Geier, Florian (2010). An investigation into recommendation algorithms with application to dynamic environments. Student dissertation for The Open University module M801 MSc in Software Development Research Dissertation.

Please note that this student dissertation is made available in the format that it was submitted for examination, thus the author has not been able to correct errors and/or departures from academic standards in areas such as referencing.
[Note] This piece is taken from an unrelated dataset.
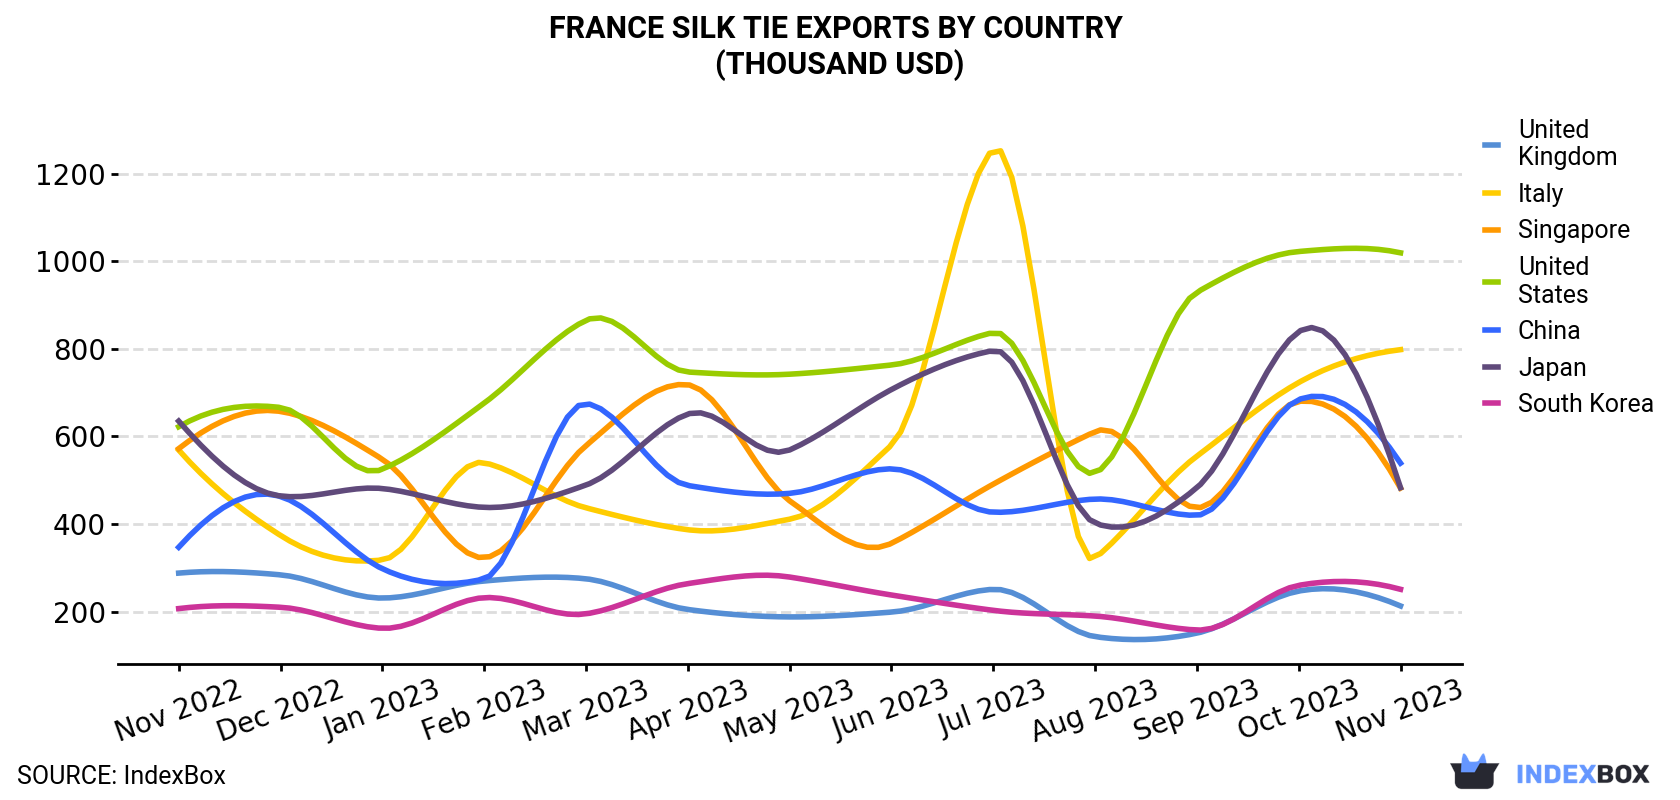 France Silk Tie Exports By Country (Thousand USD)

Today, recommender systems are widely used in various domains. There are a lot of methods to generate recommendations and numerous parameters to adjust these methods. Each one of them has its individual strengths and weaknesses in certain situations. Based on the real-world use case of an existing location-based service application, the research at hand proves that by employing a custom-made hybrid recommender system, it is possible to exploit these strengths and, at the same time, to limit the weaknesses. The project analyses some of the most popular recommendation algorithms with respect to their predictive accuracy on datasets with different characteristics. For this purpose, a suitable evaluation method was designed and implemented in the form of an experimental setup and protocol. Six runtime factors characterizing each dataset are identified and investigated. The results show that these runtime factors have a direct influence on the quality of the recommendations and that they affect different recommendation algorithms in different, sometimes oppositional ways. These results are used to explore whether the predictive accuracy of a superordinate hybrid recommender system in a dynamic environment can be improved, when compared with each single subordinate recommendation algorithm. This is achieved by dynamically selecting or weighting the results of the respective sub-algorithms in consideration of the current situation of use. For this purpose, two different hybrid recommendation algorithms were developed and analysed in direct comparison with the conventional algorithms. It is demonstrated that one of them achieves the most accurate results over the whole range of runtime factor values under investigation, thus effectively eluding the limitations of the specific sub-algorithms it utilizes. The second hybrid algorithm achieves relatively good results, but falls short of the author’s expectations to outperform all other methods including the first hybrid.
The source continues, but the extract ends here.